According to Hendrick and Kleiner (2002), “Macroergonomics is a perspective, a methodology, and a recognized sub-discipline of ergonomics/human factors” (p.3). This essentially involves the application of human system interface technologies through the inclusion of human, social, and technical aspects of in the fulfilment of ergonomic factors. “The overall goal of the discipline is to improve the human condition, including health, safety, comfort, productivity, and quality of life” (Hendrick & Kleiner, 2002).
Macroergonomics entails a study of several interfaces in enhancing significant human interaction levels. These entail human-machine interface, human-environment interface, human-job interface, and human-organization interface (Hendrick & Kleiner, 2002). In addressing these various key components of the various interfaces, there is need to develop specific technologies in a bid to address the arising contextual issues. In essence, these are elements that affect the successful implementation of the work system design.

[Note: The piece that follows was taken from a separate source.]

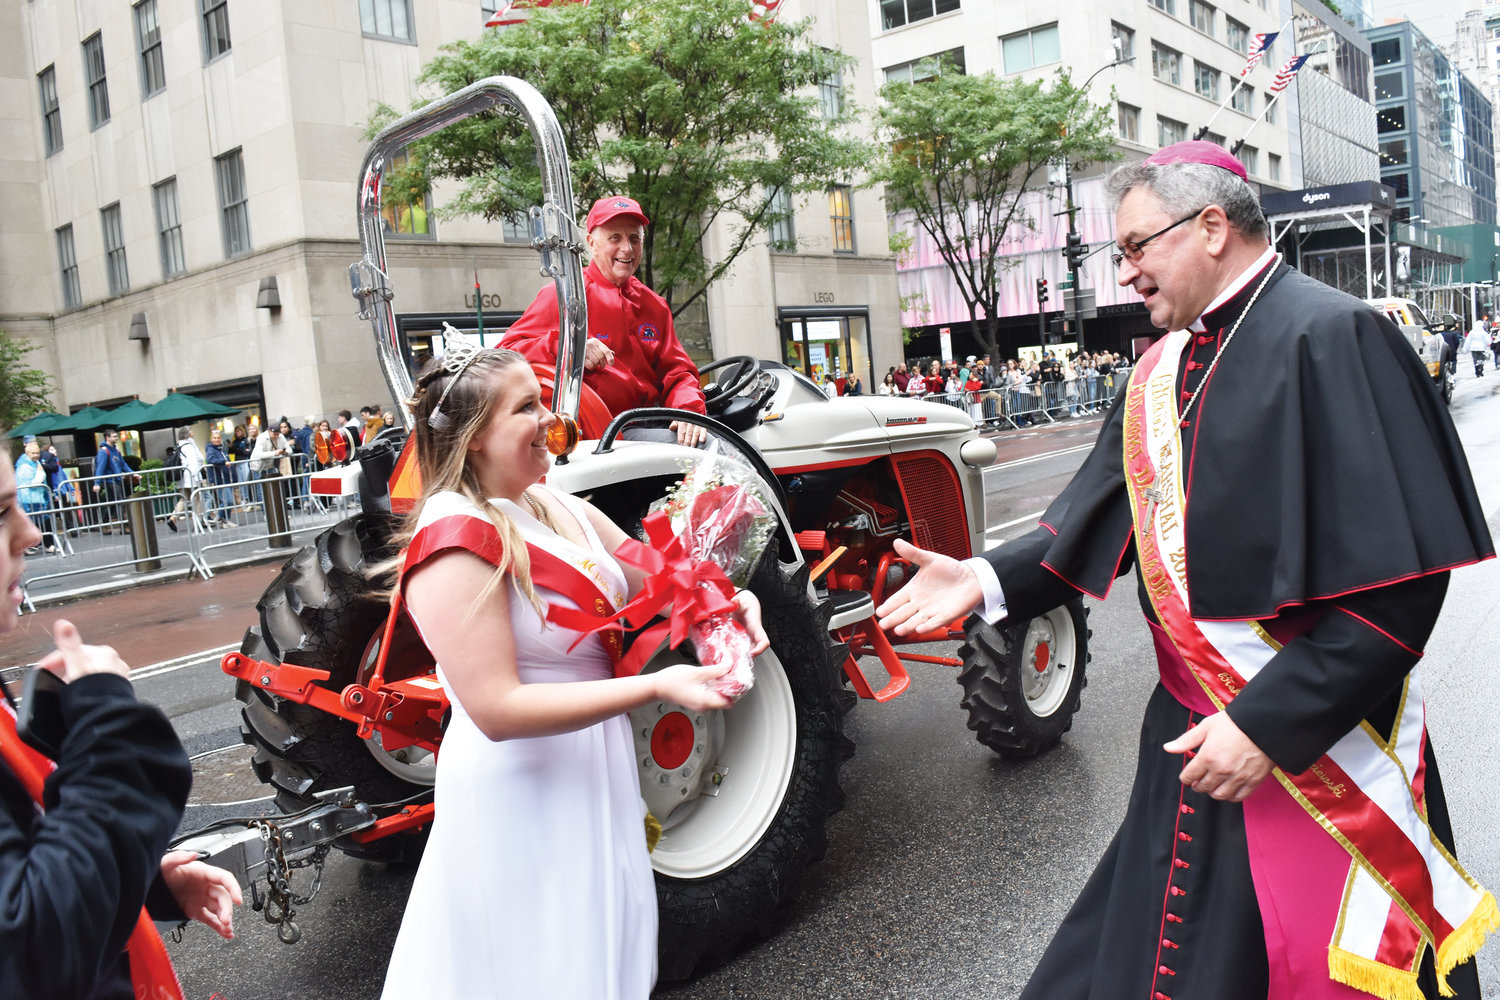 Auxiliary Bishop Witold Mroziewski of the Diocese of Brooklyn, who served as celebrant of the Pulaski Day Parade Mass at St. Patrick’s Cathedral, receives flowers.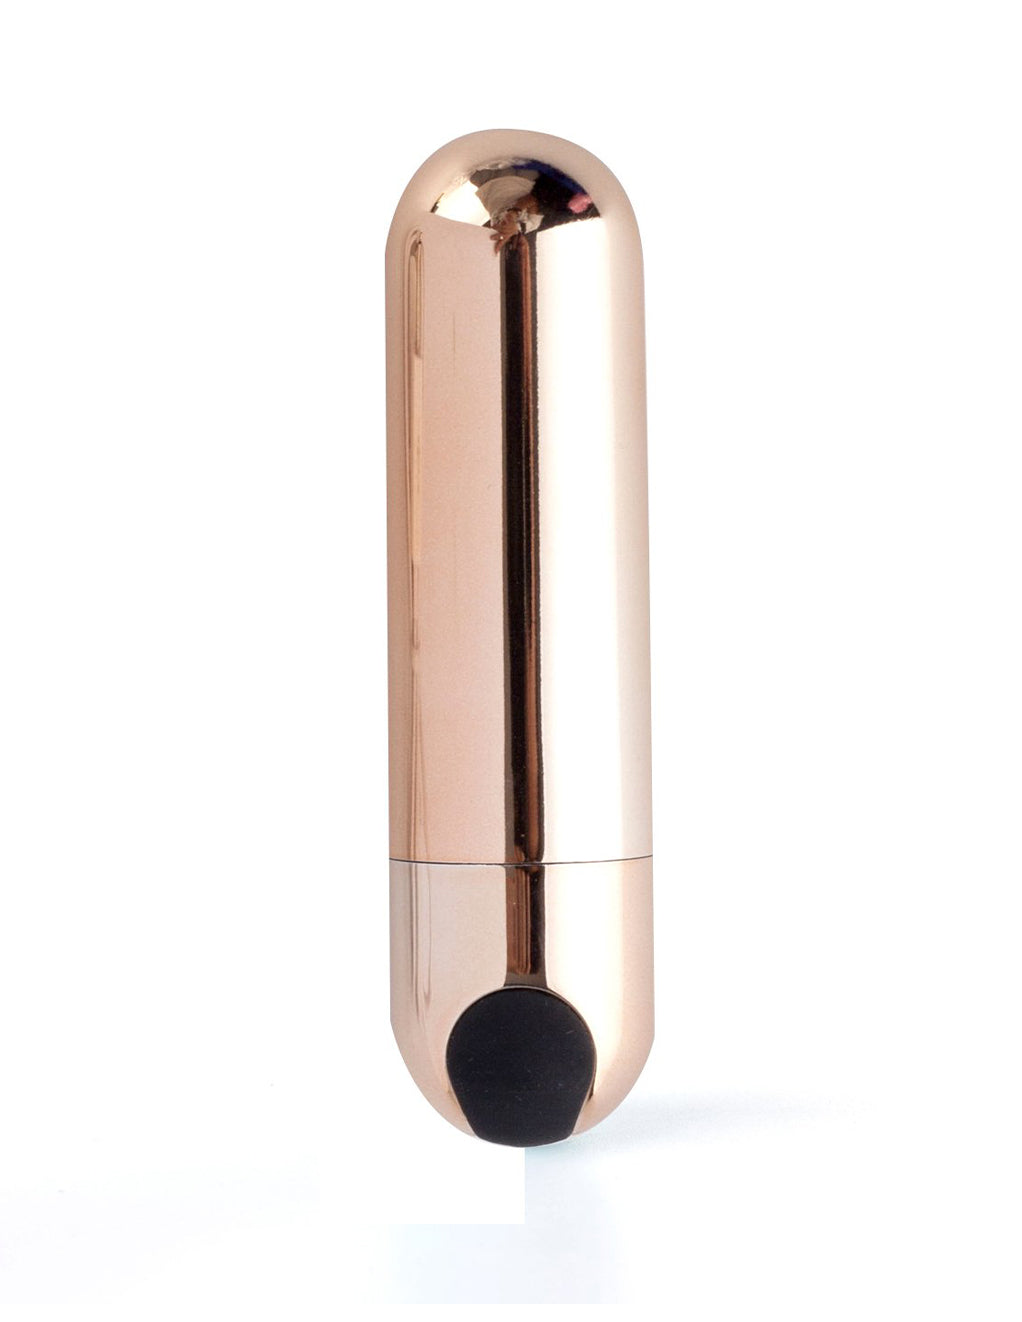 https://cdn.shopify.com/s/files/1/1221/0120/products/330-RG_MAIA_JESSI_SUPER_CHARGED_MINI_BULLET_ROSE_GOLD_front.jpg?v=1583437364

The implementation of macroergonomics usually involves the pursuance of several feasible mechanisms, which include top down approach, bottom-up approach, and middle out analysis inclusive of an evaluation mechanism (Hendrick & Kleiner, 2002). These entail the key implementation concepts that have essentially been put to application on a wide scale in various human drive systems. The aim s to enhance operation standards through the establishment of application objectives, relevant stakeholder involvement, proper scientific assessment of the processes, and application of chosen technology options in various human interfaces. For instance, during scientific assessment of various human interface processes to establish some of the emerging gaps, this would involve a study of the various human body dimensions in order to affirm aspects of proportionality and operational ability. In certain experimental study carried out to establish the respective human interface capabilities, stratified sampling mechanism was used to collect random samples from 40 female and 40 male subjects (Kumar, 1998). The respective body dimensions being measured consisted of stature, body depth, elbow height, slump body weight, thigh clearance, and reach distance among other variables body structures. Regression models were used to generate the much needed statistical analytical data. Results for estimation of reach distances came out with various points for analysis. At the end of the research it was established that, “It is possible to estimate the maximum work area, and 3-D workspace volumes from only six human body dimensions with a high degree of accuracy” (Kumar, 1998).
Moreover, the fact that macroergonomics entails a component of occupational health and safety; it therefore fundamentally focuses upon the prevention of occurrencee of occupationally related accidents through application of proper technological solution and design of the work system in focus. This takes into account the application of ergonomic factors of mechanical stress, force, position, and frequency (Kumar, 1998). In an experimental study to reduce the probability of occurrence of ergonomics related workplace injuries in a manufacturing industry, the following criterion was used: damaging wrist motions (max. Allowable 1000 per hour), pinch grip force (max. Allowable 8 pounds), power grip force (max. Allowable 25 pounds), push force (max allowable 24 pounds); pull force (max. Allowable 18 pounds), static force exertion (max. Allowable 60 seconds), extreme positions (max. 0 per cycle), and mechanical stress-max. Allowable 0 per cycle (Kumar, 1998). The results derived were used to generate workable solutions in pursuance of macroergonomic principles. This took into account the ergonomic risk factors and the respective work cycles in order to eliminate them. After implementation of desired changes, a different assessment was carried out to establish changes that had occurred.
The propose solutions involved things like training operators on proper adjustment, configuration of shelves to suit required heights, and angling shelves among others (Kumar 1998). These represent some of the applicability measures pursued following the respective concepts and principles of macroergonomics earlier mentioned.